Over the summer, I interned at Long Beach City Hall. I had to apply for the position and was eventually interviewed. My interview went well: I brought my resume, dressed for the occasion and made sure I appeared qualified. I also had bright blue hair in high school, including when I interviewed for my internship. I have eight piercings in total: five in my left ear, two in my right and one in my left nostril.

Piercings and tattoos, while viewed by many as a staple of modern fashion and self-expression, are still loathed by many parents, with one argument usually finding its way to the forefront: How will anyone ever find a job with that horrible permanent ink or bit of metal on them? In fact, in an opinion piece published by the Guardian, a heartbroken mother complains about her son’s tattoo, which she has never seen and refuses to look at. She raises the question: What if this tattooed young man becomes a lawyer? The answer is very simple: He’ll be a lawyer with a tattoo.

Some people have an easier time defying their parents than others. My roommate, who was already eighteen when she arrived at school, asked me in July if I would go with her to get her nose pierced—her parents didn’t want her to get it done, but she was desperate. Her parents told her they thought facial piercings looked trashy, but they wouldn’t know until Thanksgiving, so we went into Northampton together. I held her hand as a piercer put a small silver hoop through her nostril.

As of 2010, of people between the ages of 18 and 29, 38 percent have a tattoo and 23 percent a non-earlobe piercing. Still, the debate over body art rages on. Many employed adults feel the need to keep their tattoos covered at work and consider what one should keep hidden from a prospective employer during an interview.

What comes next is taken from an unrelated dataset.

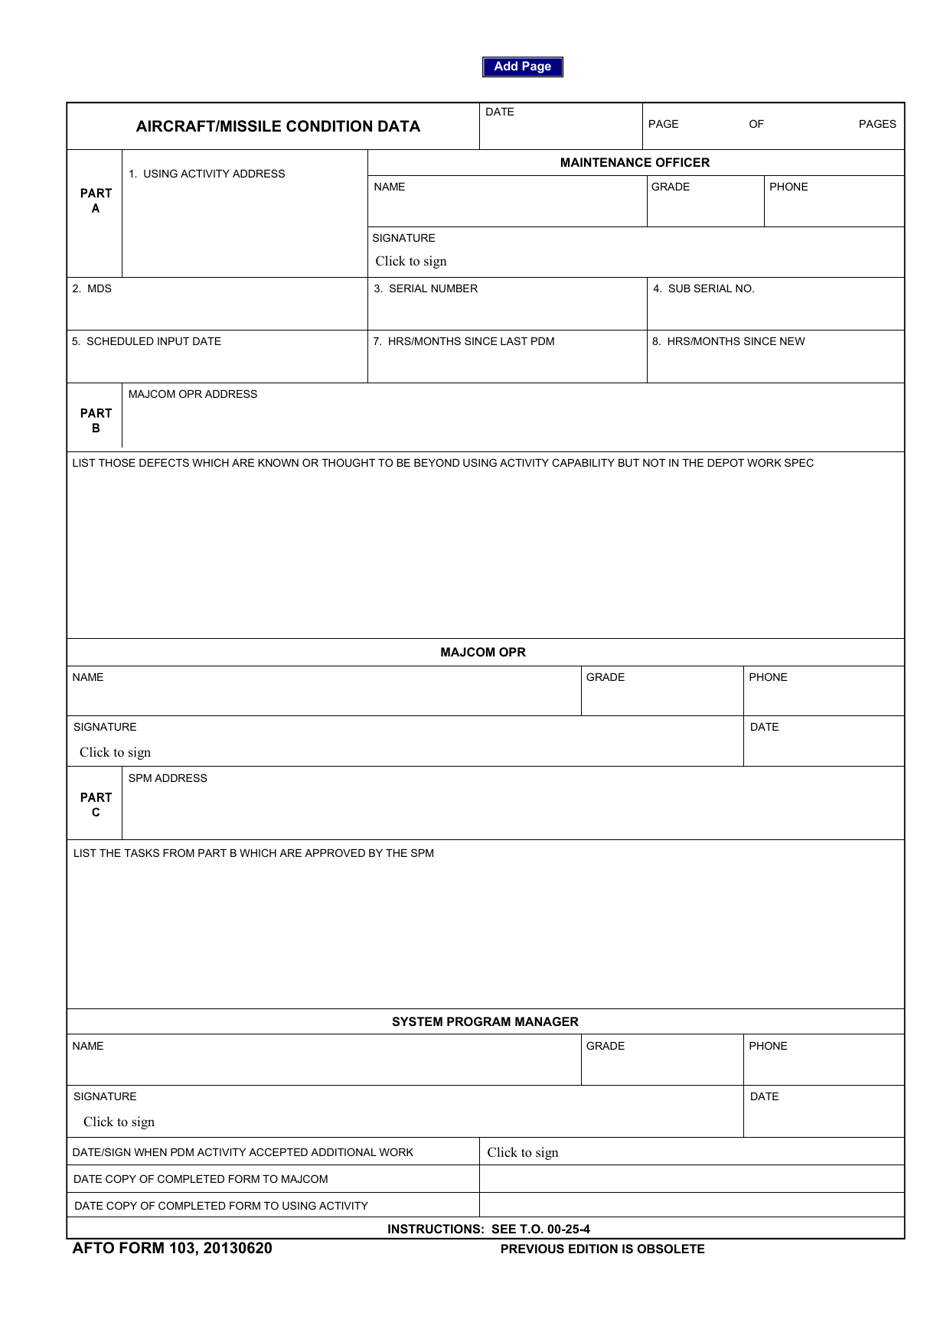 AFTO Form 103 Aircraft / Missile Condition Data, Page 1

Some tattoos are purely meant to adorn the body, but others have deeper meaning. For example, Project Semicolon is an organization whose aim is to spread awareness of suicide and mental illness by opening up conversations with body art. One of the ways this can be achieved is through tattoos of semicolons—they symbolize times when an author could have ended a sentence (their life) but instead chose to keep going. People have for years also been getting tattoos of friends and loved ones who have passed away, tattoos to remind them to stay sober or tattoos which help them remember family that is still with them. These tattoos, no matter how meaningful, might be affecting job prospects (there’s little concrete data). But tattoos, regardless of their meaning, don’t make one more or less deserving of a job.

Things are looking more promising for soon-to-be and recent graduates, but how secure can they be if they don’t know whether their tattoos will bar them from employment? There is little concrete data on whether tattoos actually affect employment, since the whole thing is subjective, but there are plenty of anecdotes on the subject. With so many millennials finding new and creative ways to decorate their bodies, it can certainly be frightening to send out applications or sit for interviews.

The odds may seem to be stacked against pierced and tattooed millennials, but I hope that things will improve with time. Right now, there are doctors and engineers and teachers with full sleeves of tattoos who are great at their jobs. It’s unfortunate, but the responsibility to show employers that our body art has nothing to do with our capability falls on us, the applicants.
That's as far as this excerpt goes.